DATA BLOCK:
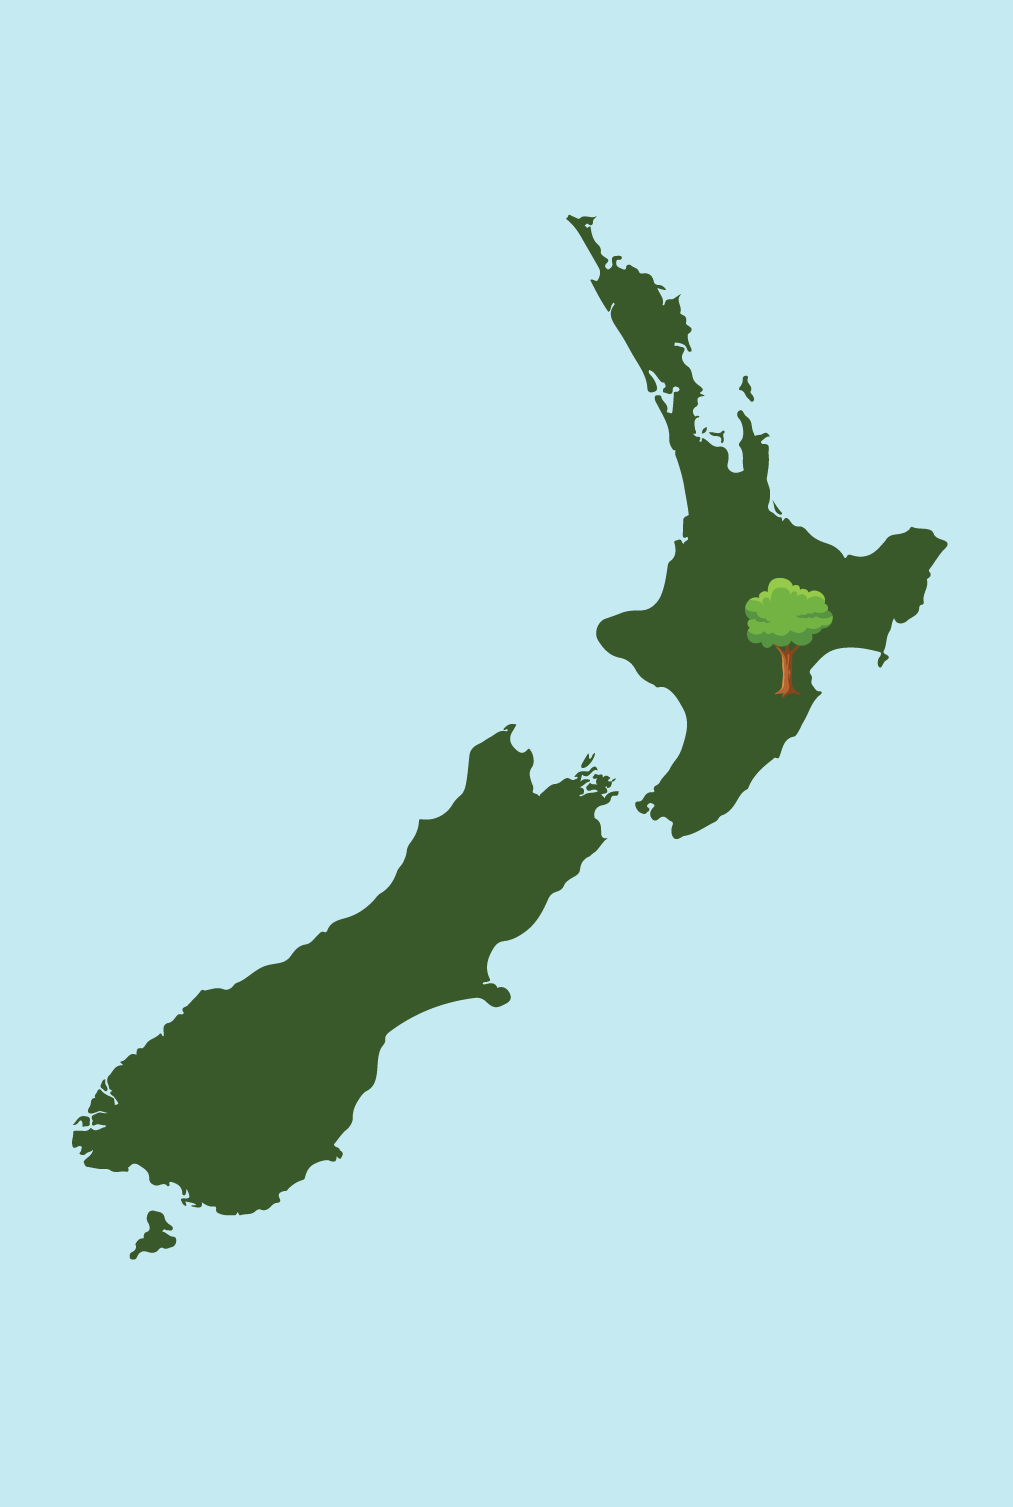 New Zealand map with Hawke's Bay marked
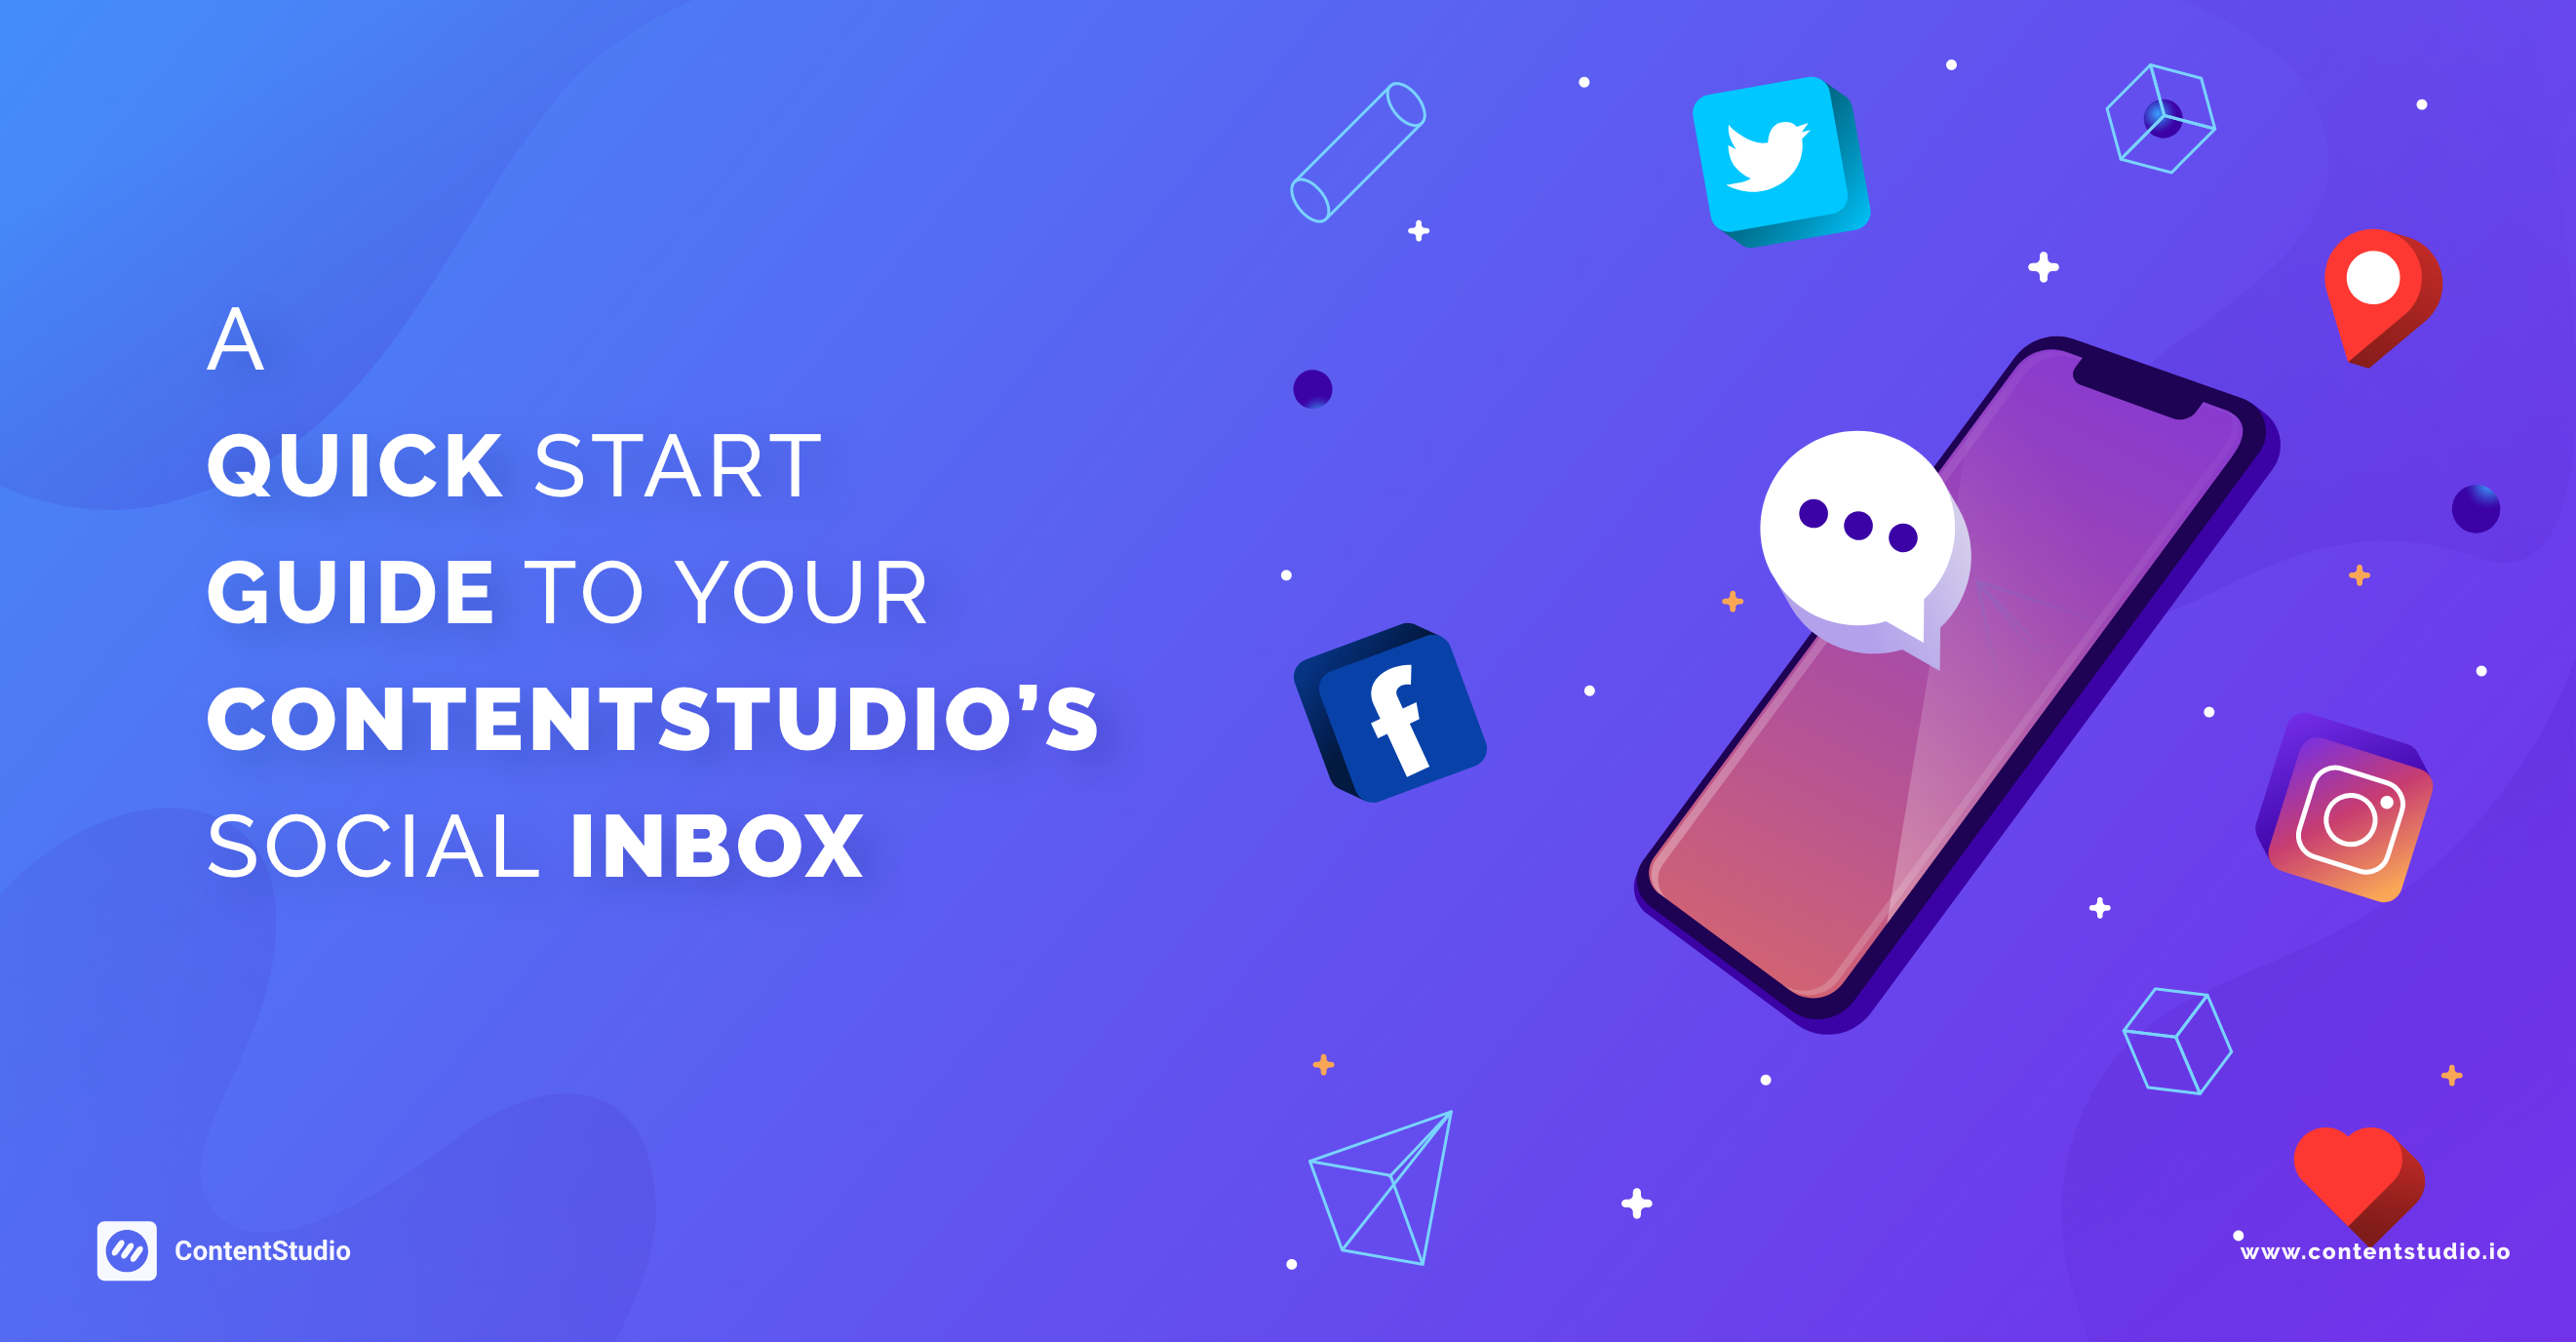 A Quick Start Guide To Your ContentStudio’s Social Inbox
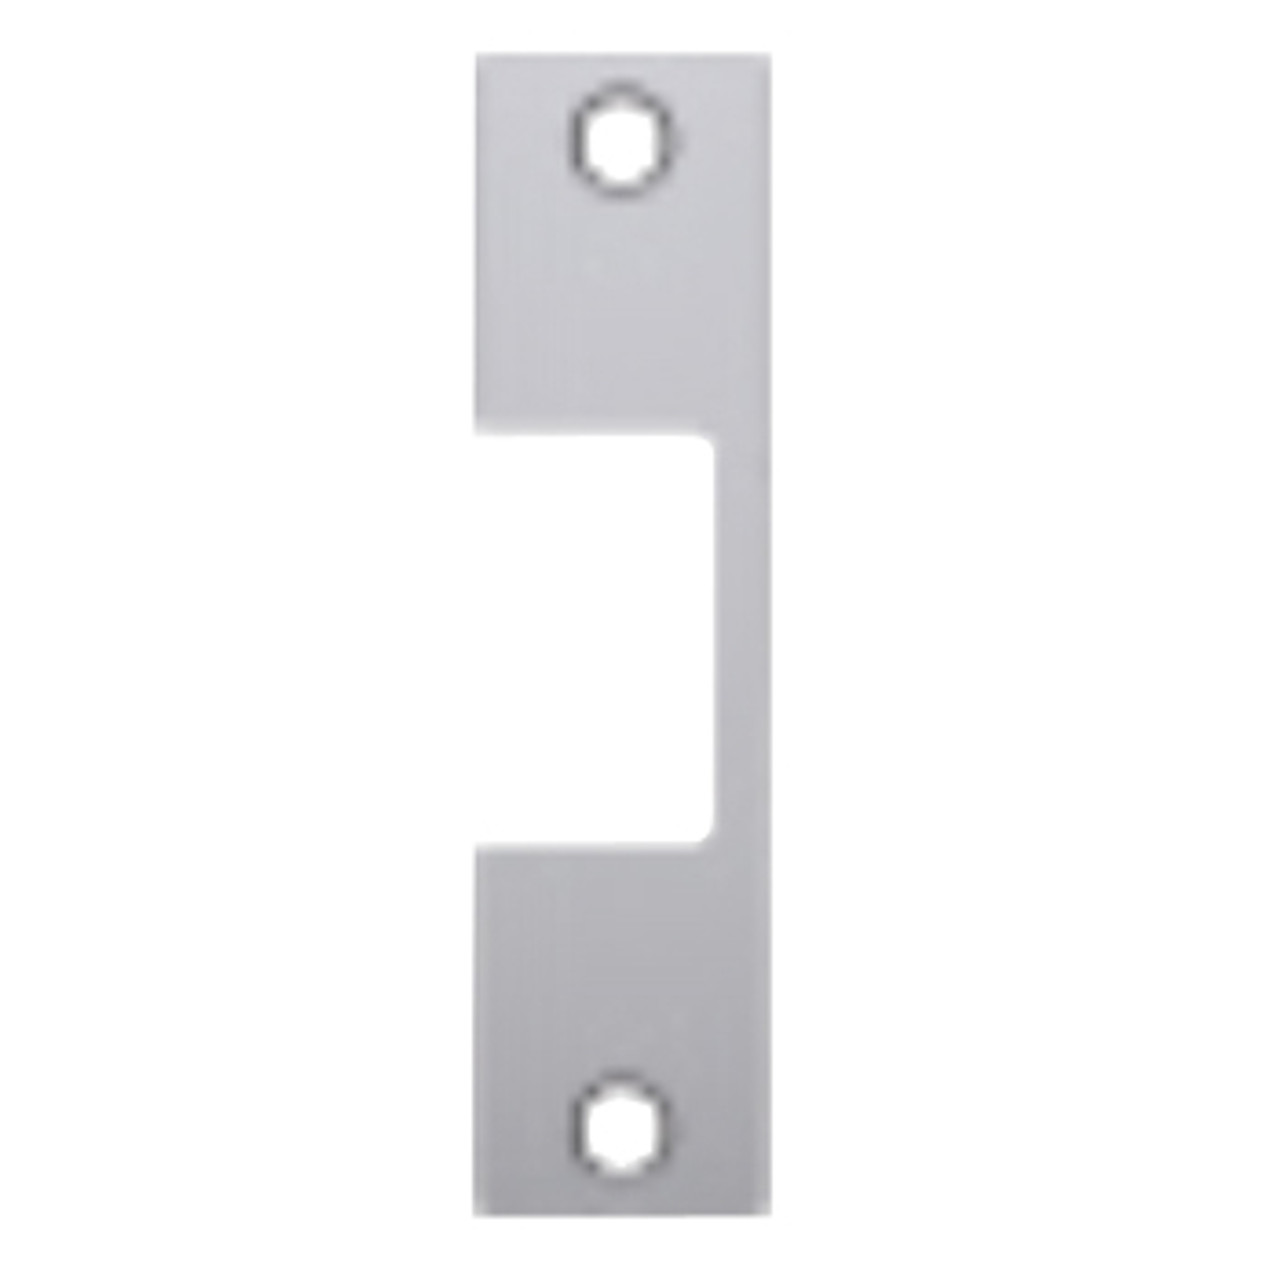 E-630 Hes 4-7/8" x 1-1/4" Faceplate in Satin Stainless Finish
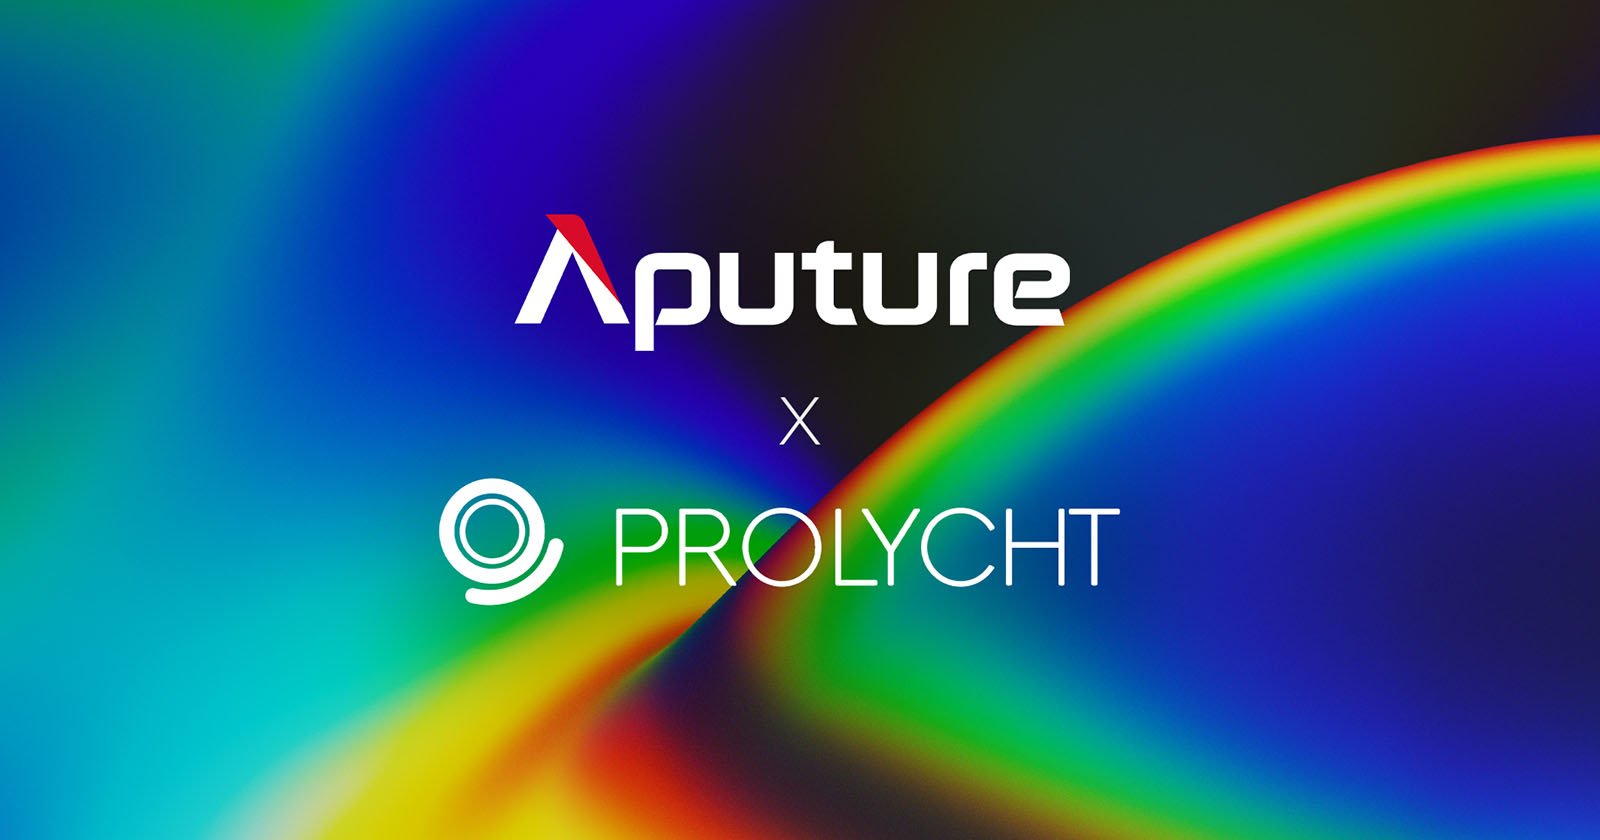 Aputure Has Acquired Film and TV LED Lighting Maker Prolycht

WHAT TO DO:
Give back the material above word for word; no picture belongs in it.

RESULT OF THE TASK:
 New Zealand map with Hawke's Bay marked
 A Quick Start Guide To Your ContentStudio’s Social Inbox
 E-630 Hes 4-7/8" x 1-1/4" Faceplate in Satin Stainless Finish
 Aputure Has Acquired Film and TV LED Lighting Maker Prolycht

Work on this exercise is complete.